[DATA BELOW — start]

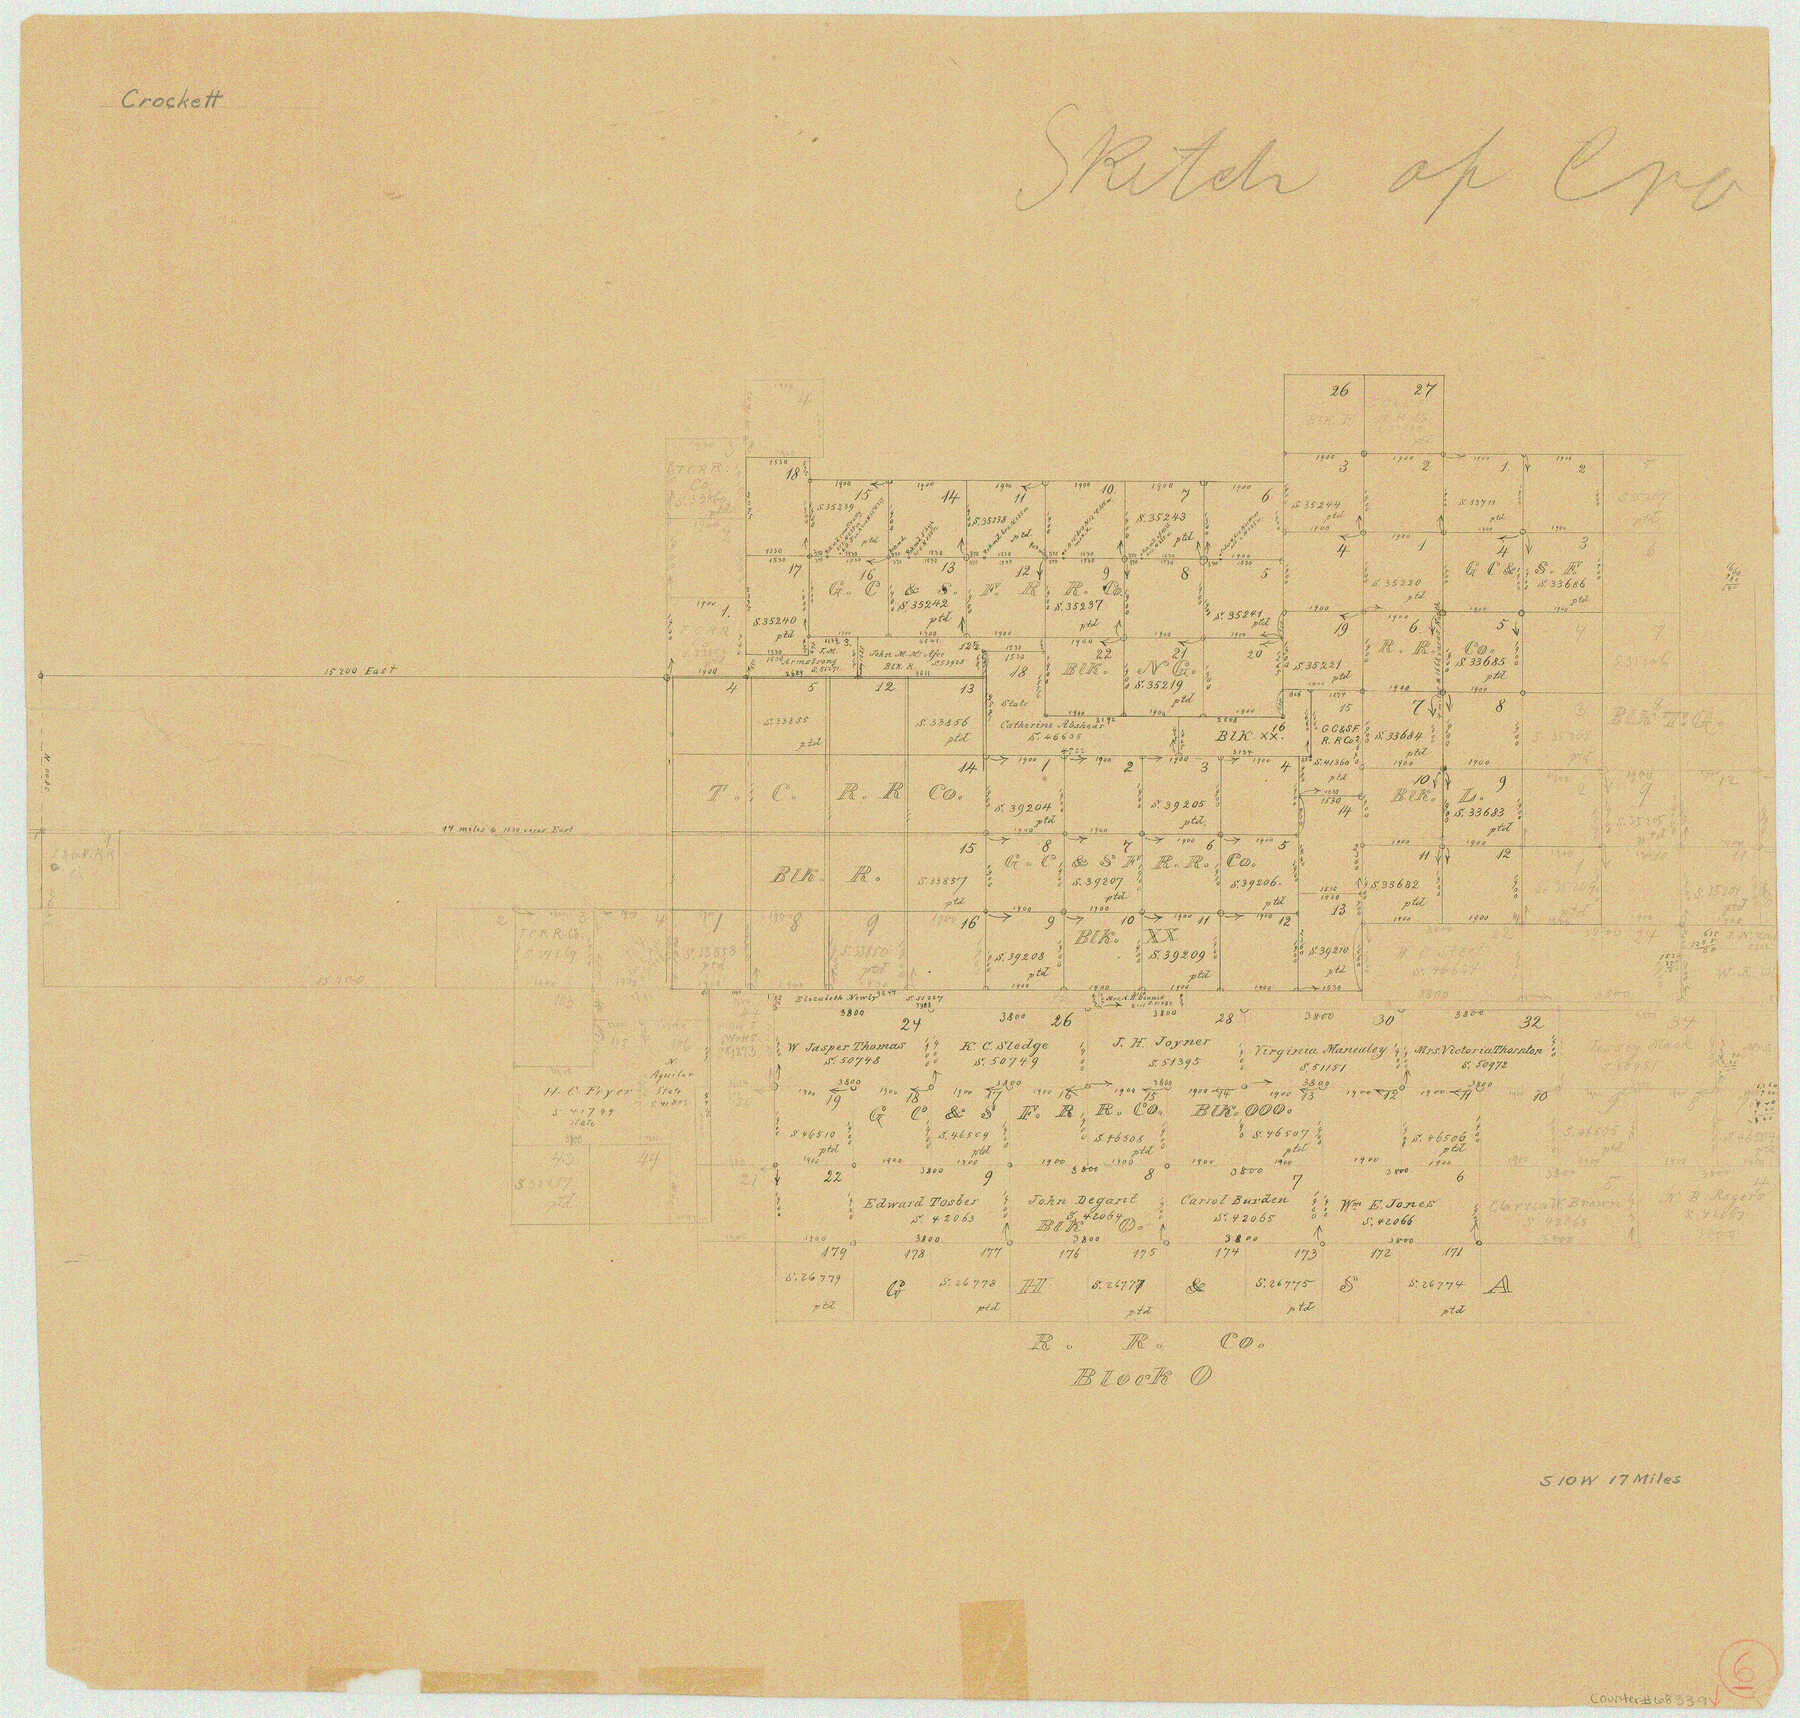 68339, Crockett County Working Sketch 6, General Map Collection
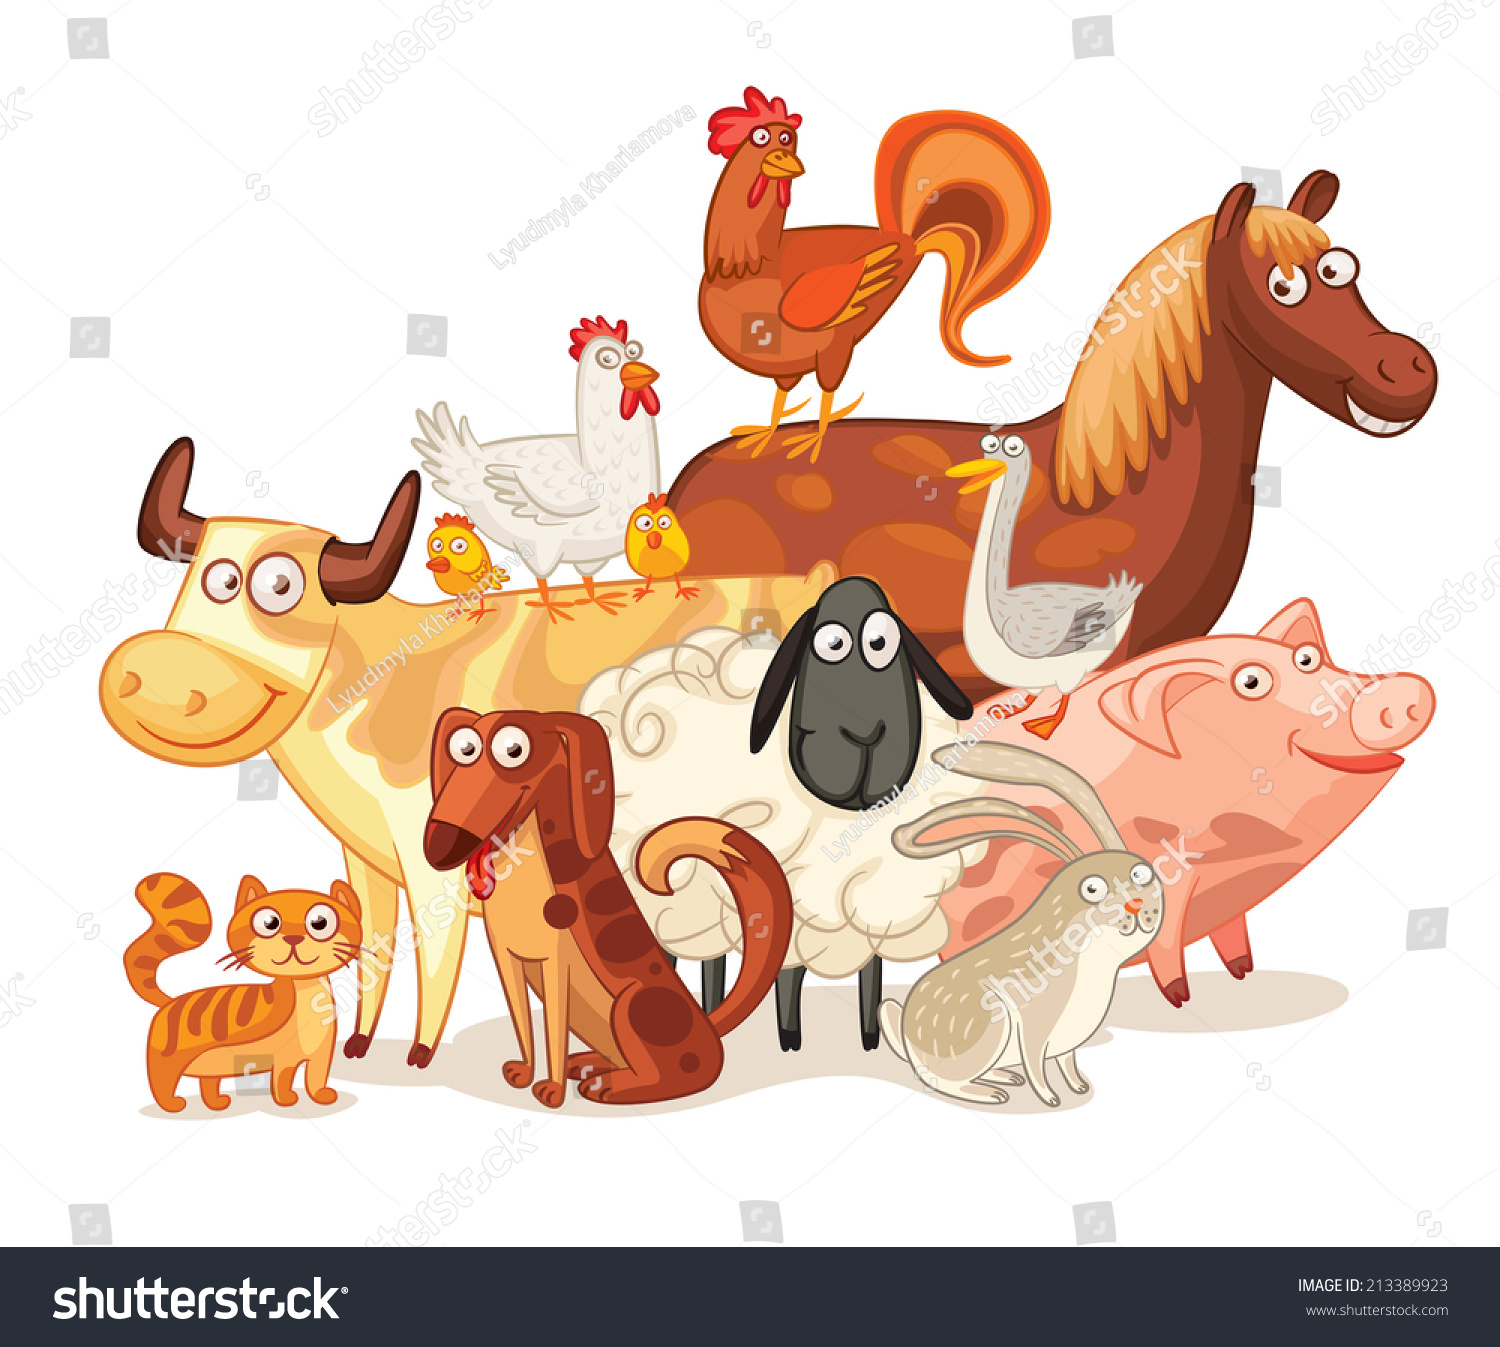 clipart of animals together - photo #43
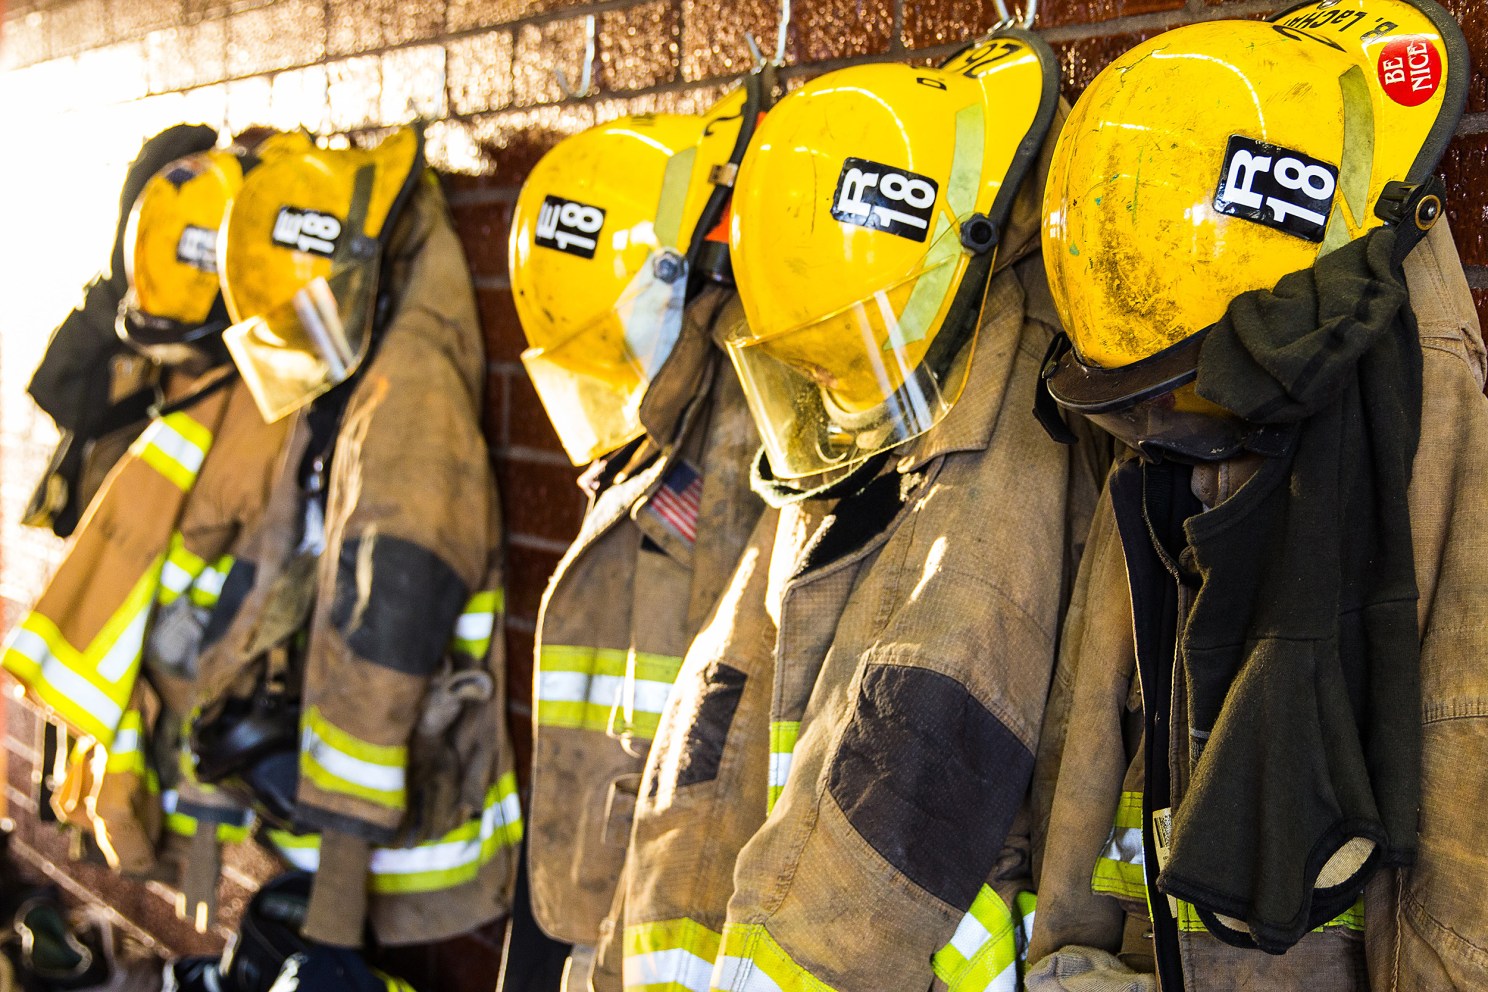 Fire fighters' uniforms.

[DATA BELOW — finish]

### WHAT TO PRODUCE
If a picture appears in the data, omit it; transcribe all the rest exactly.

### REPLY TO THE TASK
 68339, Crockett County Working Sketch 6, General Map Collection
 clipart of animals together - photo #43
 Fire fighters' uniforms.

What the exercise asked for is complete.